WIMMERA health groups believe there is a need for greater understanding about alcohol-related harms.
It comes as Deakin University analysis released this week shows a levy based on alcoholic content could help reduce consumption and lead to significant health benefits, particularly in reducing obesity rates.
Western Victoria Primary Health Network chief executive Leanne Beagley said such a measure could be one option for tackling obesity and other alcohol-related health issues, but said a multi-faceted approach would be more effective.
“There is still a lack of understanding across the general population about the ‘hidden carbohydrates’ in alcohol that contribute to obesity, and the associated health risks of being obese,” she said.
“Increasing public awareness and education about the impact alcohol has on weight and health generally would be helpful, and starts with prevention.
“Tackling obesity needs a multi-pronged approach where people are encouraged to review their diet and also be more active. The recent YCHANGe program run in the Yarriambiack area this year through Deakin University and Rural Northwest Health is a great example of how to encourage healthy eating early in life.

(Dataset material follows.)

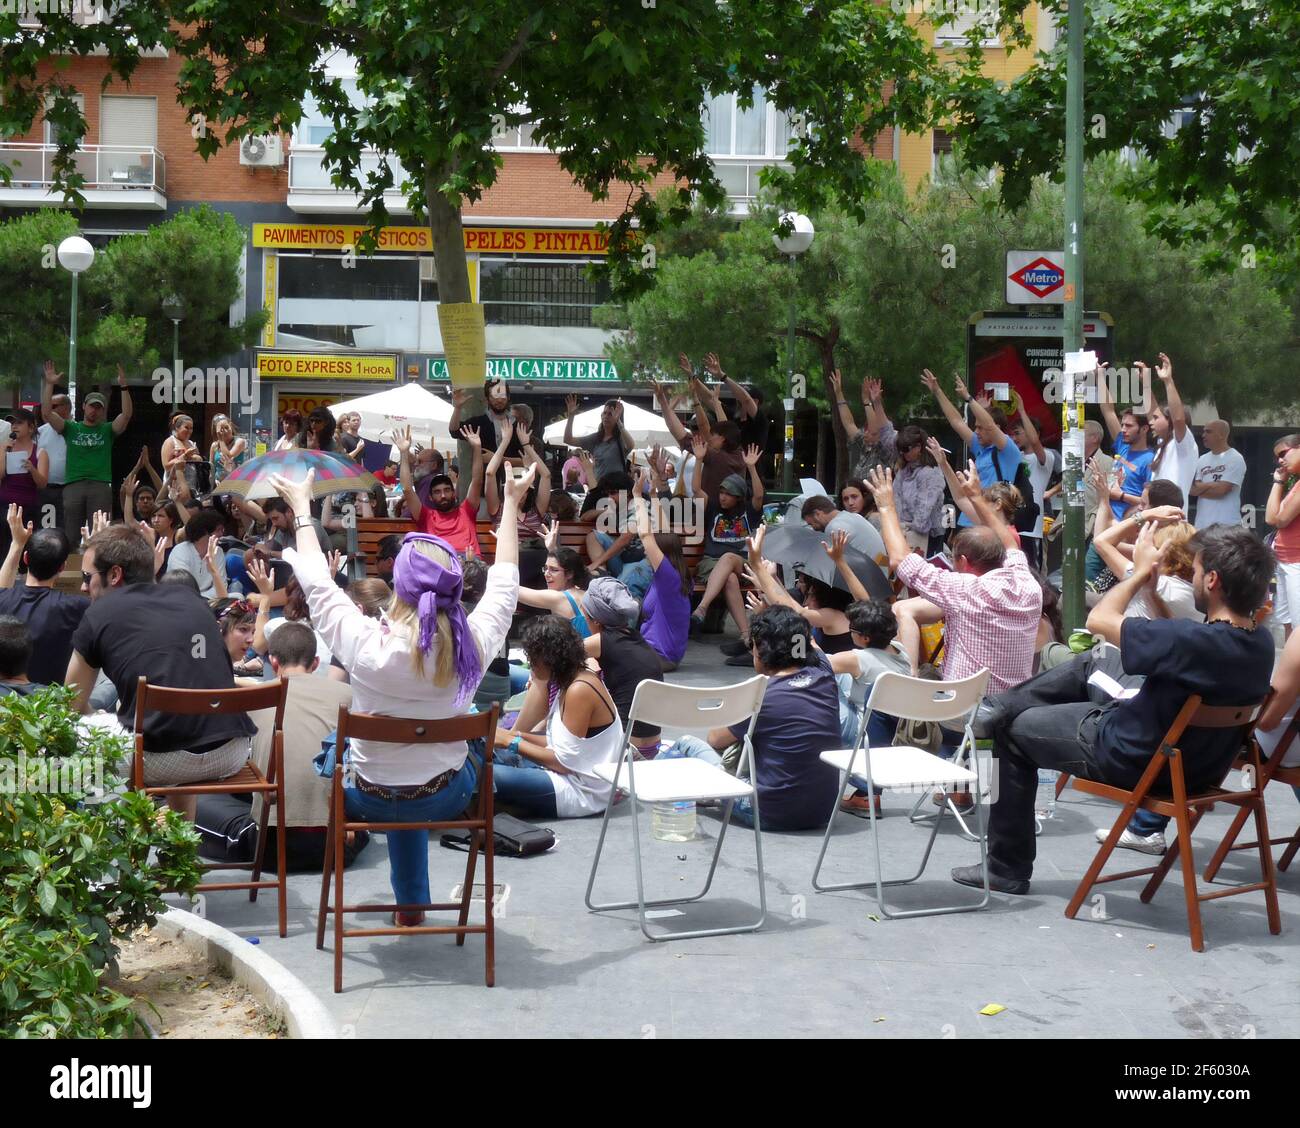 Madrid, Spanien; Juni 4 2011. Menschen, die bei einer Versammlung im Stadtteil Prosperidad in Madrid lautlos applaudieren. 15-M-Bewegung. Aufgenommen Stockfoto

“The program aimed to create a community environment where the healthy choice is the easier option, with healthier food provided in schools, kindergartens and sporting clubs.
“We would recommend such a wraparound approach to all things diet and lifestyle to tackle obesity as it is a complex problem, and a contributing factor to a range of illnesses.”
Dr Beagley said people needed to be aware that alcohol consumption has been linked to some cancers, liver issues and mental ill health.
“If you pair this with a poor diet and inactivity, which often comes with obesity, the risk factors for ill health are sure to increase,” she said.
Wimmera Drug Action Taskforce co-ordinator Sally Pymer said a tax was a good start, but agreed a combination of measures to reduce alcohol harms was needed.
“I think a large number of people are unaware of the harms related to alcohol, and a large number don’t want to know,” she said.
“In talking to people many will comment on someone they know who has been drinking alcohol for years and has no apparent health problems.
“People also don’t appear to want to see the connection between alcohol and cancers, cardiovascular disease, liver problems and other health problems. More education around the harms of alcohol is needed.”
Ms Pymer said banning alcohol advertising during televised sporting events, eliminating alcohol-related sponsorships, and reducing the number of alcohol outlets would also help reduce consumption.